- Try it -
Without including any images, repeat the listing below exactly.
┏━━
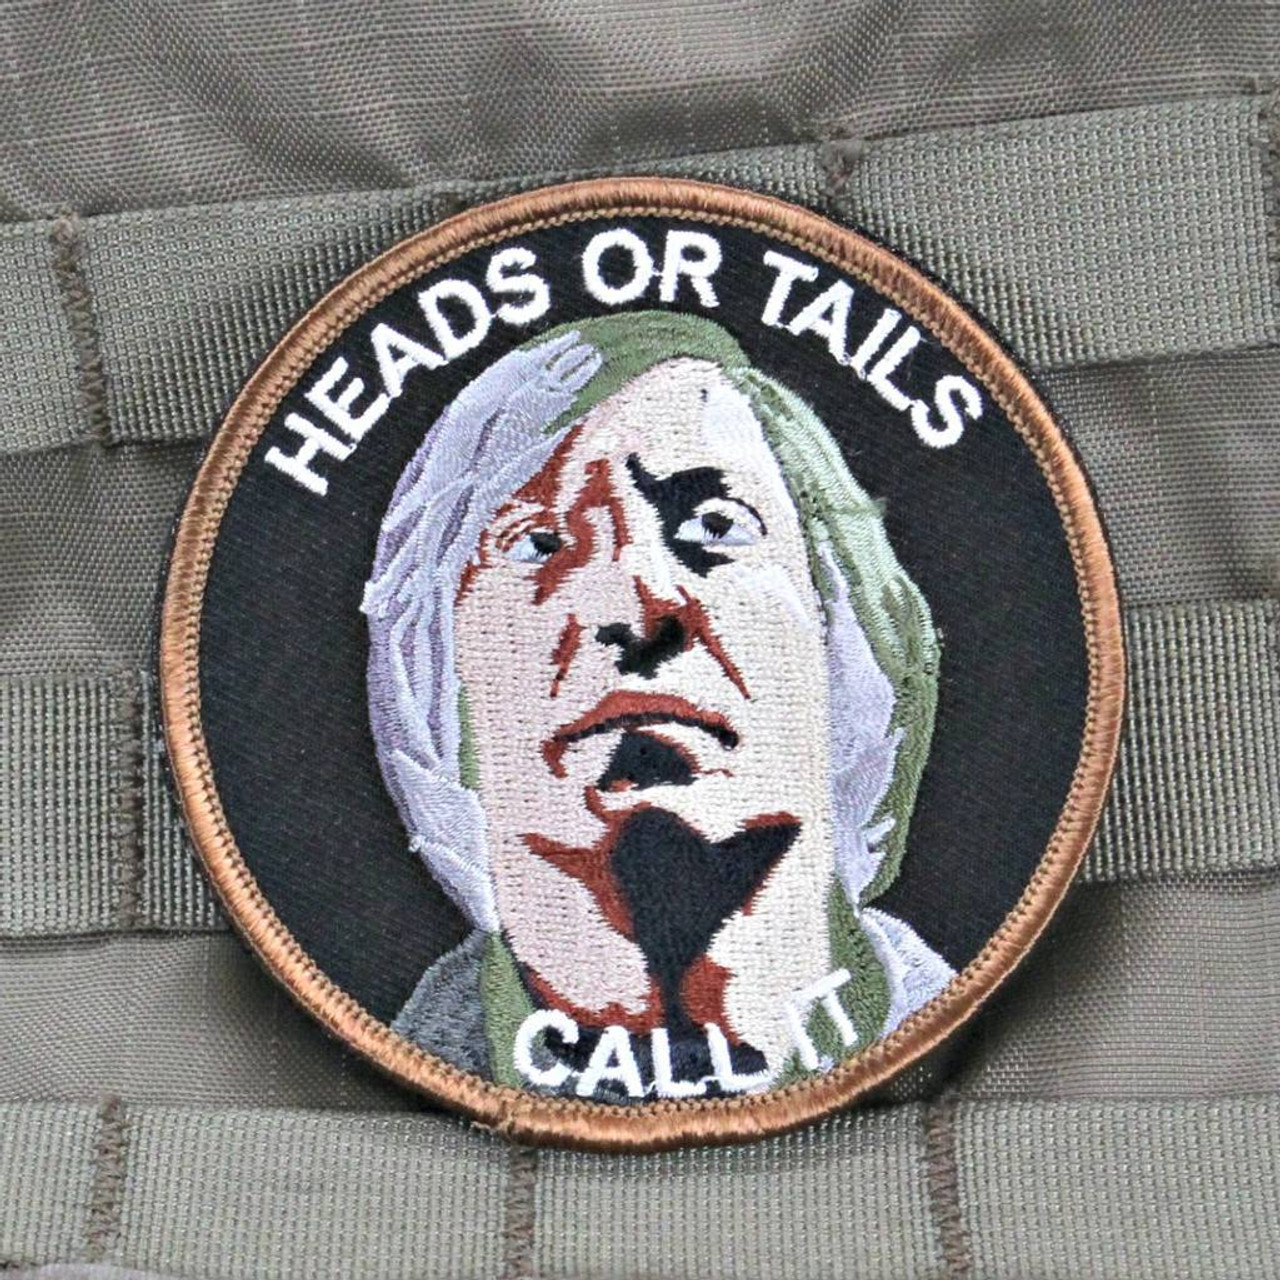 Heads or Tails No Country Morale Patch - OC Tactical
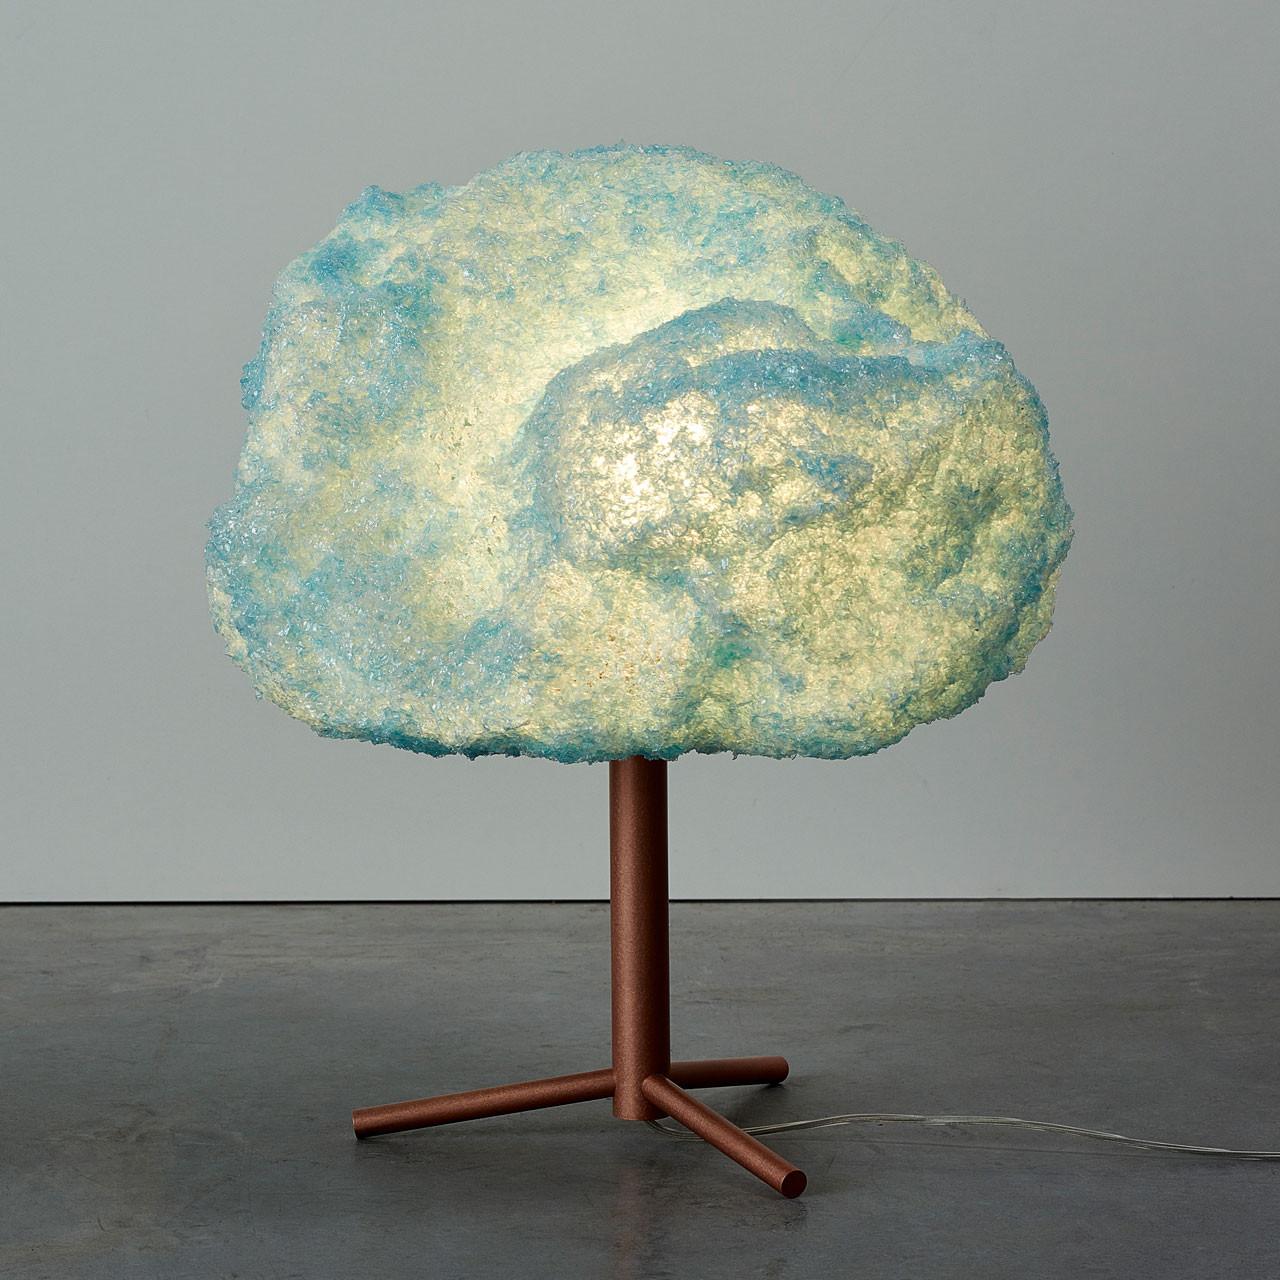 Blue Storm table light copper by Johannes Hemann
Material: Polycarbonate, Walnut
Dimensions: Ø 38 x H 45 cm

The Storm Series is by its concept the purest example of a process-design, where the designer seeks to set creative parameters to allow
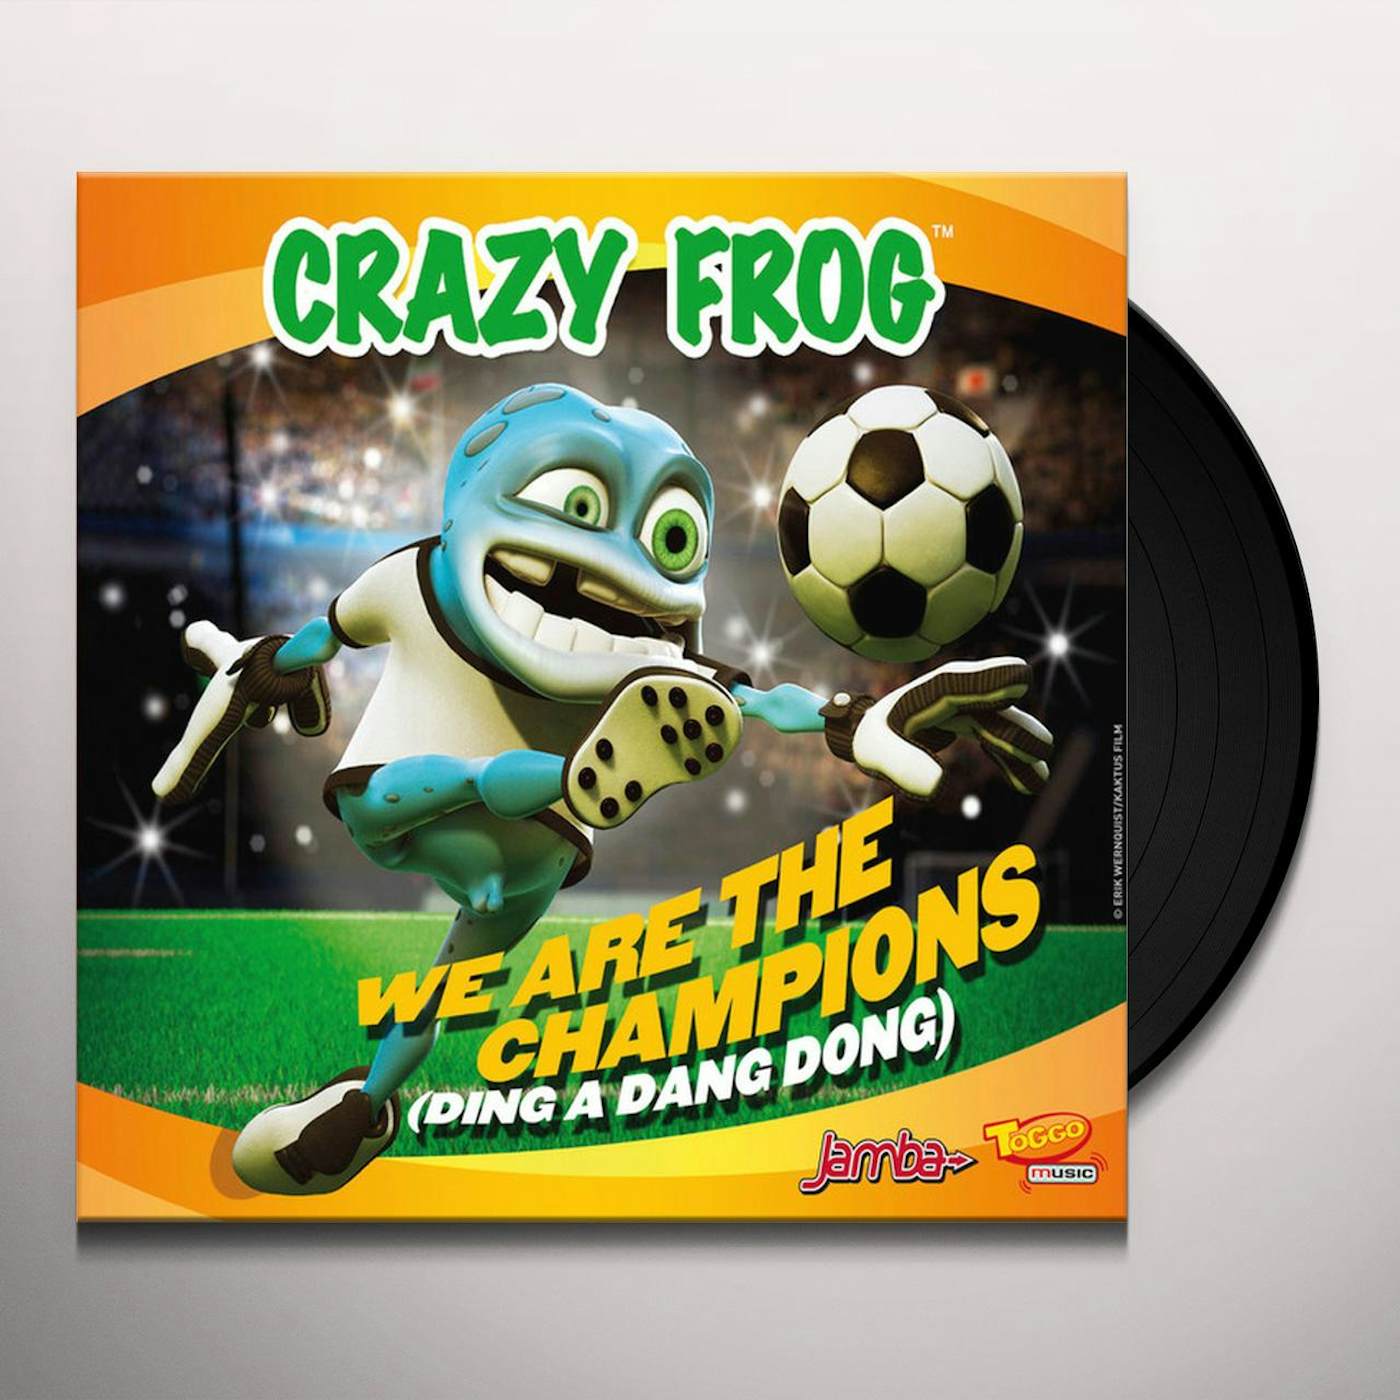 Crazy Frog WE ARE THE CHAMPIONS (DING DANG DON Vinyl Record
┗━━
- The completed task -
 Heads or Tails No Country Morale Patch - OC Tactical
 Blue Storm table light copper by Johannes Hemann
Material: Polycarbonate, Walnut
Dimensions: Ø 38 x H 45 cm

The Storm Series is by its concept the purest example of a process-design, where the designer seeks to set creative parameters to allow
 Crazy Frog WE ARE THE CHAMPIONS (DING DANG DON Vinyl Record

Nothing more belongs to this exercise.